Re: [PERFORM] Volunteer to build a configuration tool

2007-06-20 Thread Campbell, Lance
It is amazing how many times you can read something before it actually
sinks in.

There seems to be two possible approaches to optimizing PostgreSQL 8.2:

File caching approach:
This approach is based on the fact that the OS will cache the necessary
PostgreSQL files.  The key here is to set the size of
effective_cache_size value as high as you think the OS has memory to
cache the files.  This approach would need the value of shared_buffers
to be relatively low.  Otherwise you are in a cense storing the data
twice.  One would also have to make sure that work_mem is not too high.
Since the files would be cached by the OS, work_mem could be relatively
low.  This is an ideal approach if you have a dedicated server since
there would be no other software using memory or accessing files that
the OS would try to cache.

Memory driven approach:
In this approach you want to create a large value for shared_buffers.
You are relying on shared_buffers to hold the most commonly accessed
disk blocks.  The value for effective_cache_size would be relatively
small since you are not relying on the OS to cache files.  This seems
like it would be the ideal situation if you have other applications
running on the box.  By setting shared_buffers to a high value you are
guaranteeing memory available to PostgreSQL (this assumes the other
applications did not suck up to much memory to make your OS use virtual
memory).   This also seems more like how Oracle approaches things.  

Do I understand the possible optimization paths correctly?  The only
question I have about this approach is: if I use the memory driven
approach since effective_cache_size would be small I would assume I
would need to fiddle with random_page_cost since there would be know way
for PostgreSQL to know I have a well configured system.

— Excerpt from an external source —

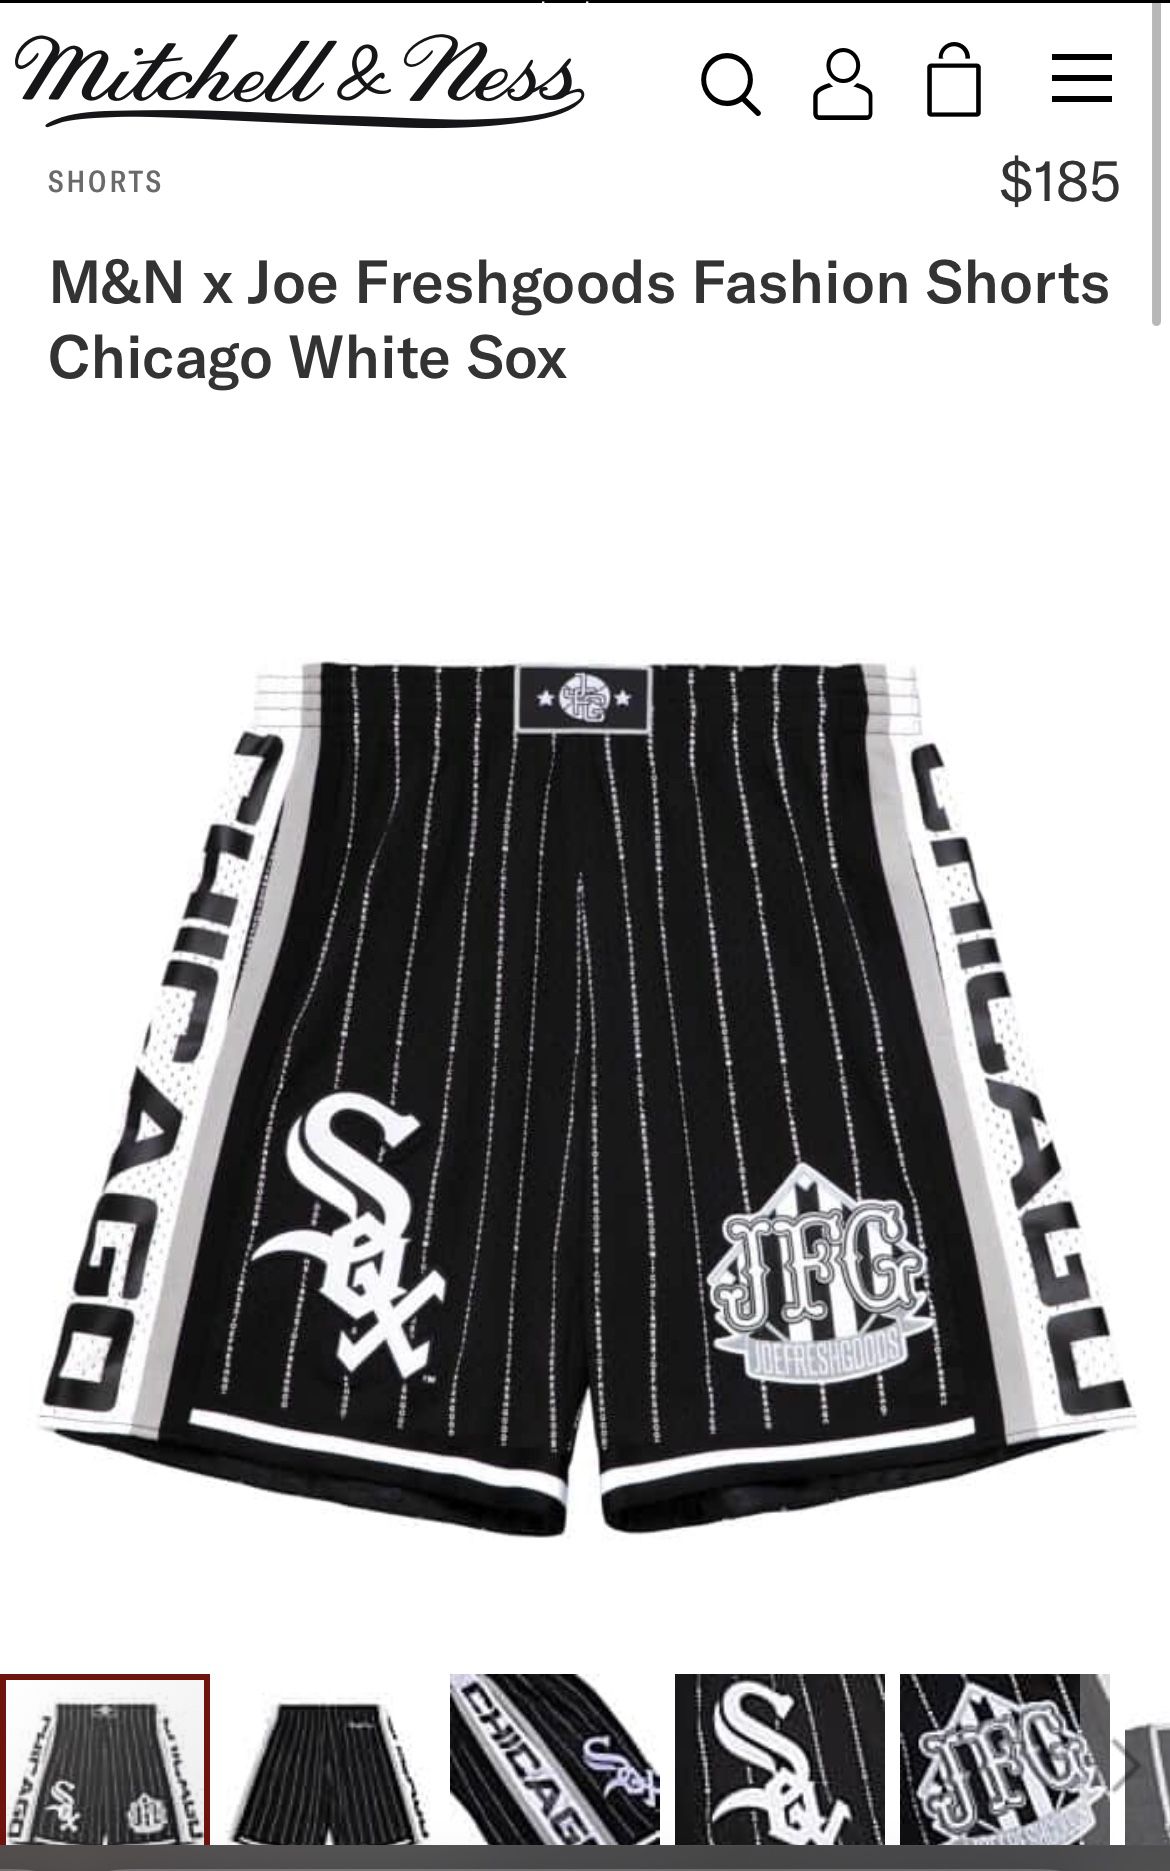 Mitchell & Ness M&N x Joe Freshgoods Fashion Shorts Chicago White Sox

If everything I said is correct then I agree Why have
effective_cache_size?  Why not just go down the approach that Oracle
has taken and require people to rely more on shared_buffers and the
general memory driven approach?  Why rely on the disk caching of the OS?
Memory is only getting cheaper.

Thanks,

Lance Campbell
Project Manager/Software Architect
Web Services at Public Affairs
University of Illinois
217.333.0382
http://webservices.uiuc.edu
 

-Original Message-
From: [EMAIL PROTECTED]
[mailto:[EMAIL PROTECTED] On Behalf Of Greg Smith
Sent: Wednesday, June 20, 2007 10:21 AM
To: pgsql-performance@postgresql.org
Subject: Re: [PERFORM] Volunteer to build a configuration tool

On Wed, 20 Jun 2007, PFC wrote:

 Except planner hints (argh) I see no way to give this information to
the 
 machine... since it's mostly in the mind of the DBA.

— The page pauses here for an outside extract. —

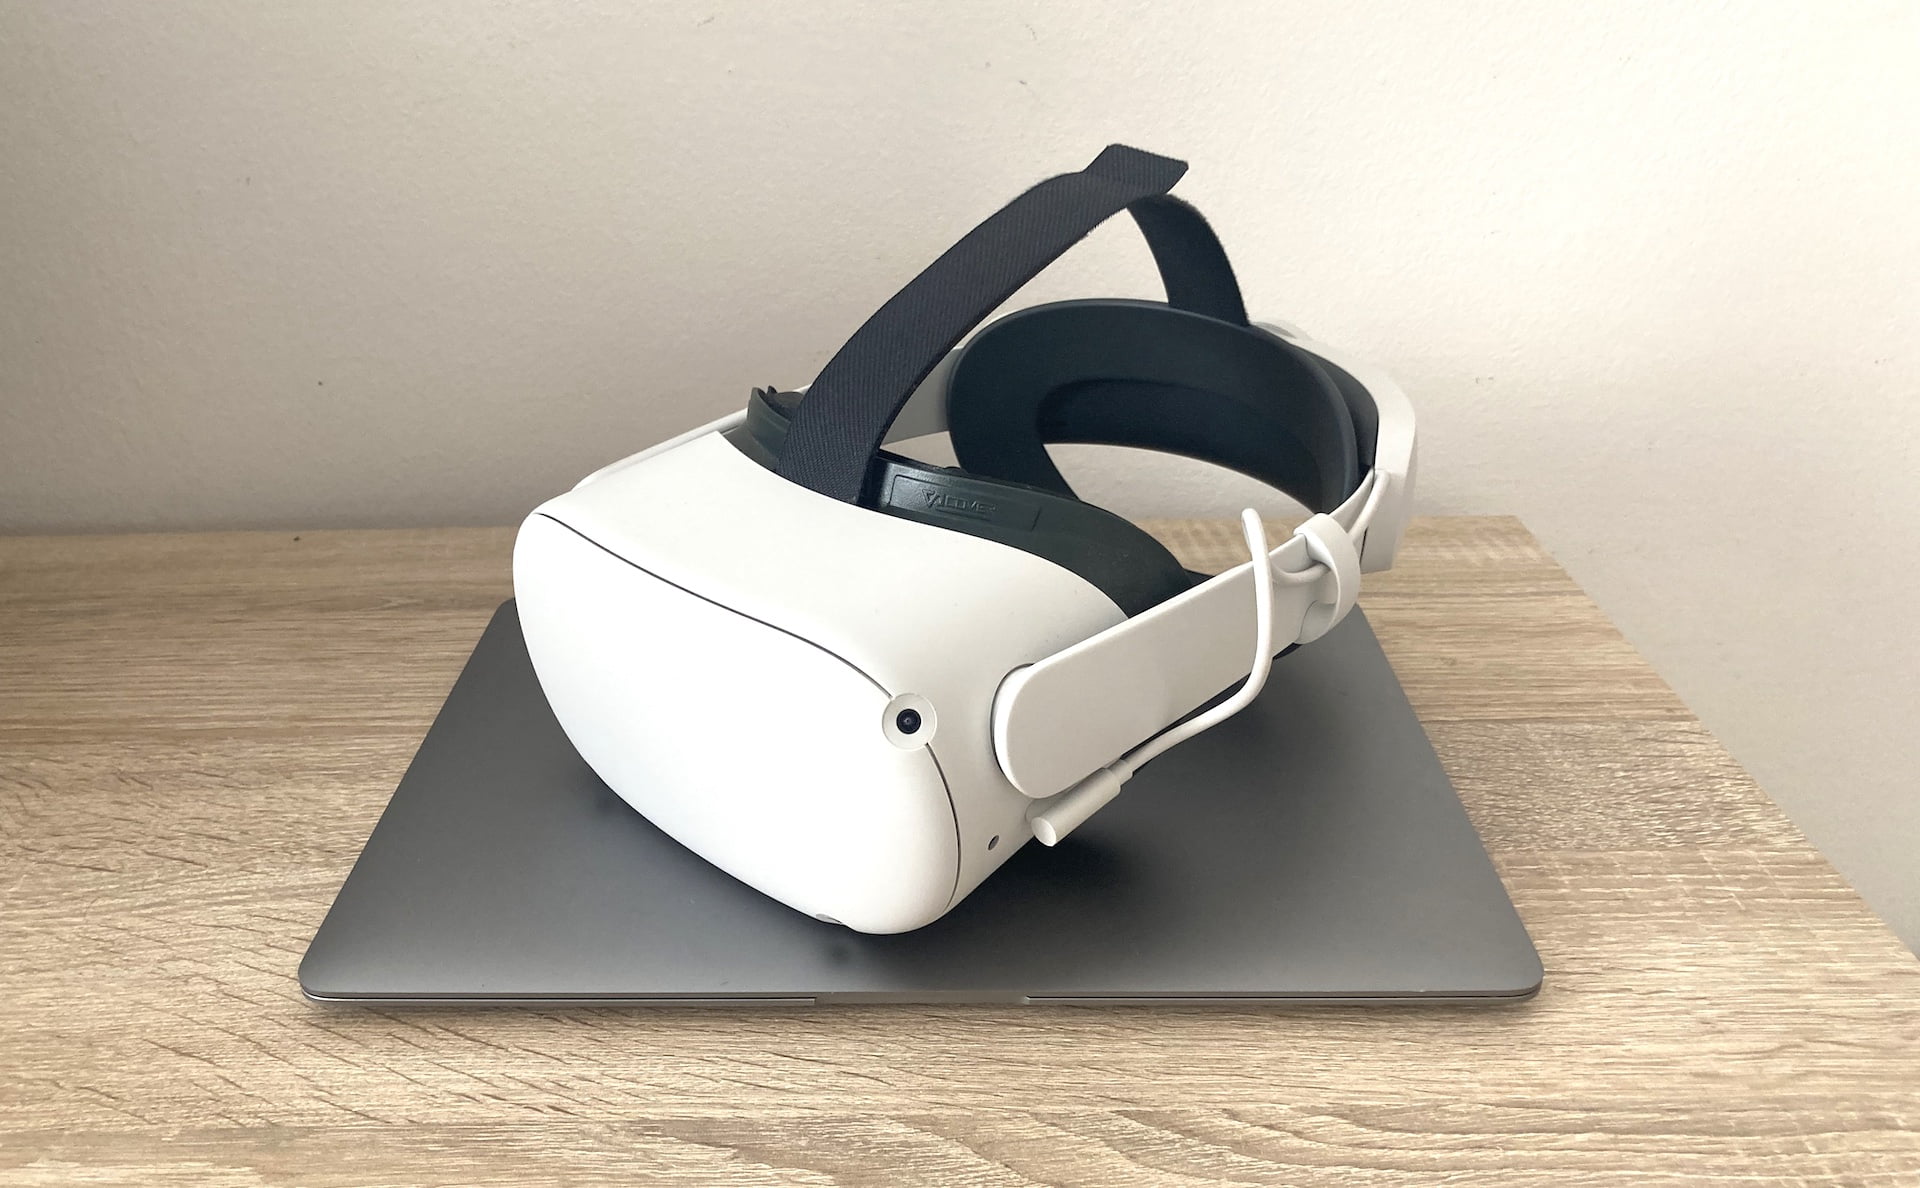 VR is in search of its raison d'être

And the mind of the DBA has a funny way of being completely wrong some 
days about what's really happening under the hood.

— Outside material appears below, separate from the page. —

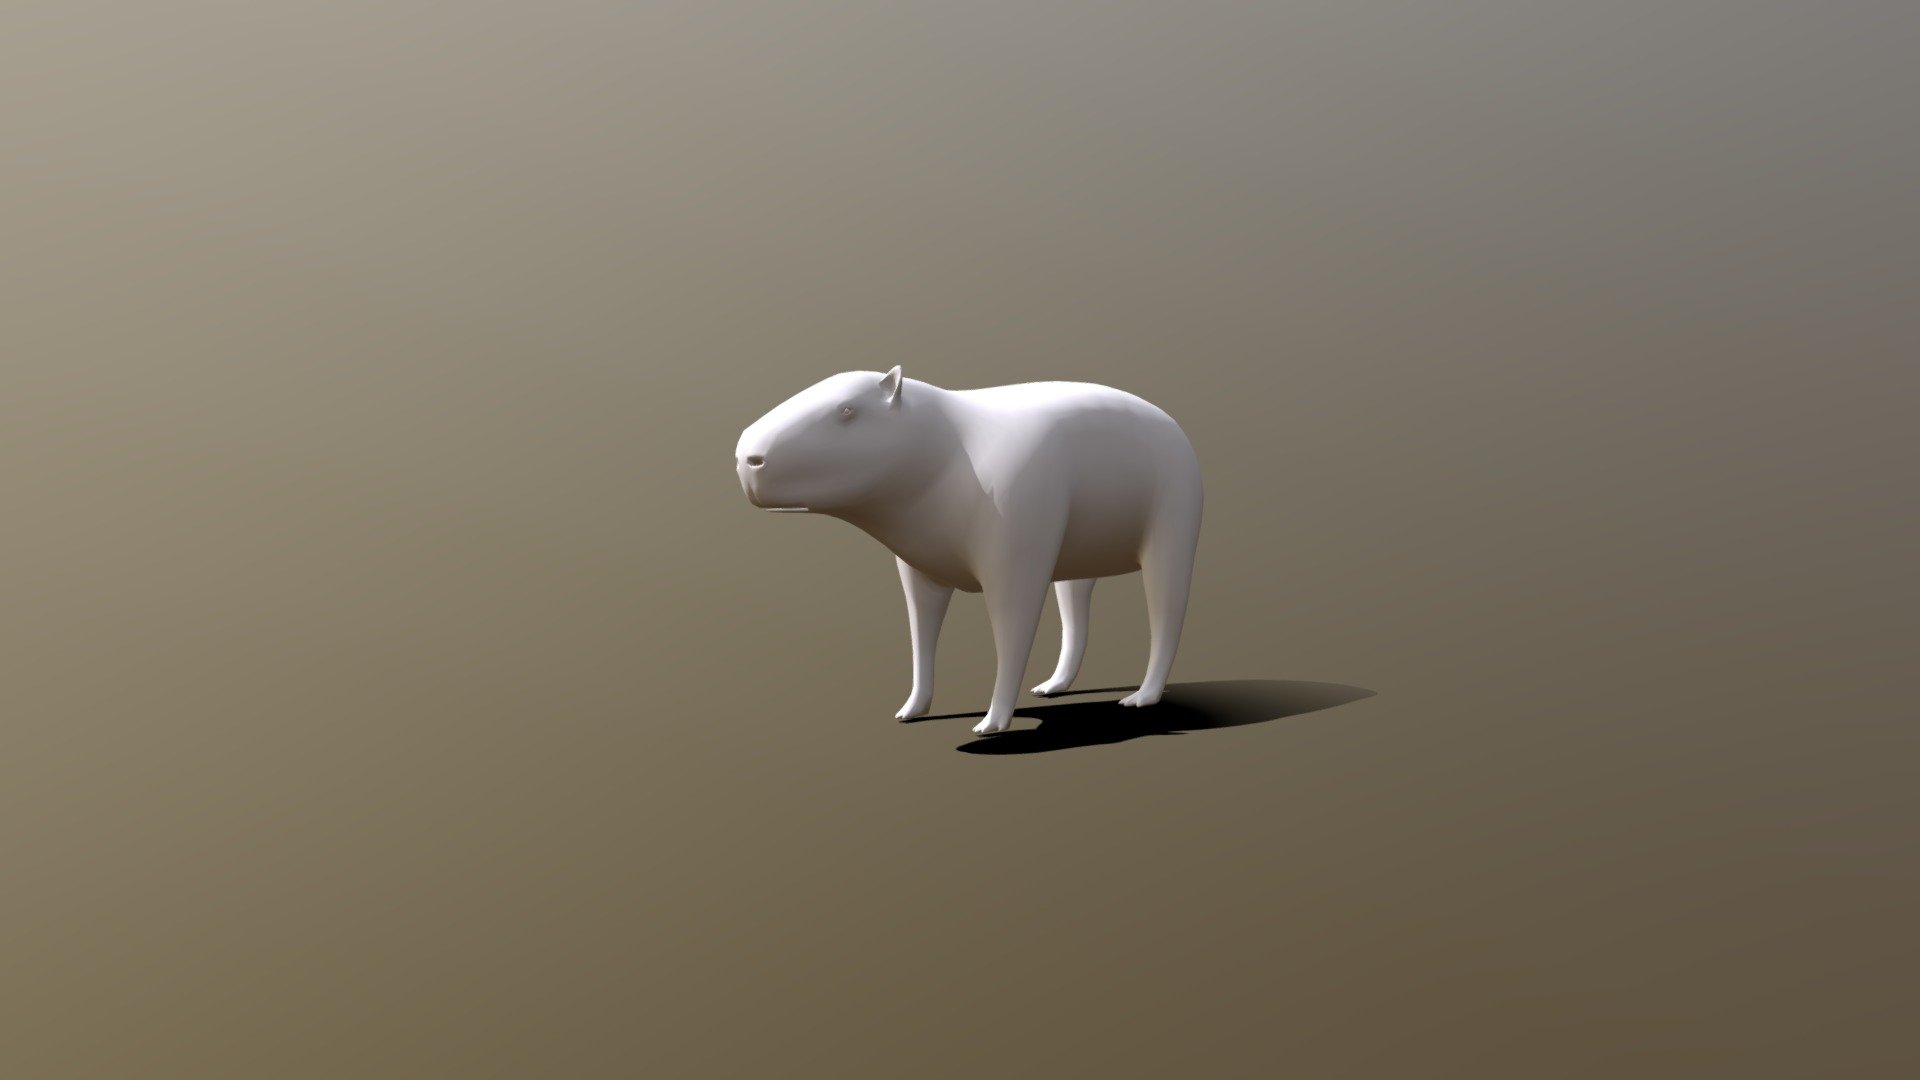 Capibara made in blender 2.8 - Capibara - 3D model by marta.cumillaf 3d model

 Maybe a per-table cache temperature param (hot, warm, cold), but
what 
 about the log table, the end of which is cached, but not the old
records 
 ? It's messy.

One of the things that was surprising to me when I started looking at
the 
organization of the PostgreSQL buffer cache is how little gross 
information about its contents is available.  I kept expecting to find a

summary section where you could answer questions like how much of the 
cache currently has information about index/table X? used as an input
to 
the optimizer.  I understand that the design model expects much of this
is 
unknowable due to the interaction with the OS cache, and in earlier 
versions you couldn't make shared_buffers big enough for its contents to

be all that interesting, so until recently this wasn't worth collecting.

But in the current era, where it's feasible to have multi-GB caches 
efficiently managed by PG and one can expect processor time is
relatively 
cheap, it seems to me one way to give a major boost to the optimizer is
to 
add some overhead to buffer cache management so it collects such 
information.  When I was trying to do a complete overhaul on the 
background writer, the #1 problem was that I had to assemble my own 
statistics on what was inside the buffer cache as it was scanned,
because 
a direct inspection of every buffer is the only way to know things like 
what percentage of the cache is currently dirty.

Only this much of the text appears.